Nancy is even more of a mother figure to Oliver than in the original novel, the famous musical version or especially, the 1948 David Lean film version, in which she does not even express any concern at all for him until after she and Sikes bring him back to Fagin's. In the 2007 version, she is seen constantly looking after him and tending to his needs (she even kisses him tenderly at one point, stopping just short of telling the boy that she loves him).

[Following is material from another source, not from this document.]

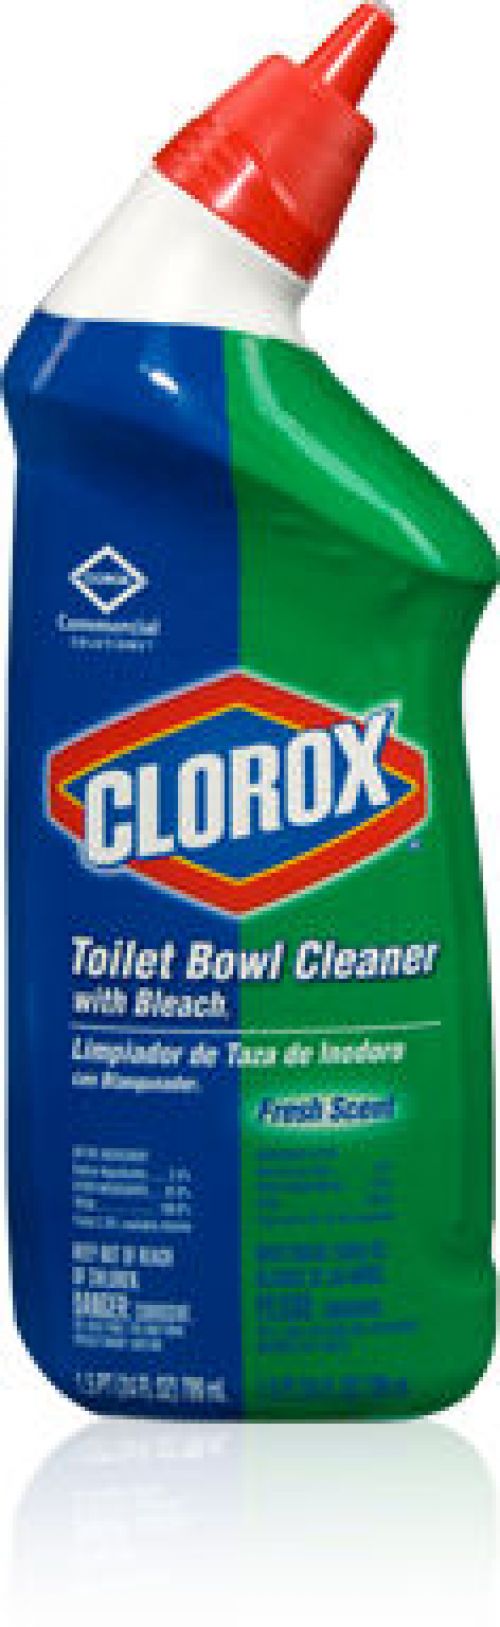 Toilet Bowl Cleaner, Clorox W/Bleach, 12/24oz

When a gun was pointed at Sikes when he attempts to rob the house, he uses Oliver as a shield from the shots, injuring him. Oliver is taken back to Fagin's lair to recover, rather than being nursed back to health in the countryside by the Maylie family, as in the novel. It is Nancy's informing Rose, and a highly skeptical Mr Brownlow, of Oliver's whereabouts that results in her demise at the hands of Sikes. Her ghost continues to haunt him when he returns to London with Oliver, resulting in him choosing to hang himself in the sewers as a means of escaping the London crowds who chase him.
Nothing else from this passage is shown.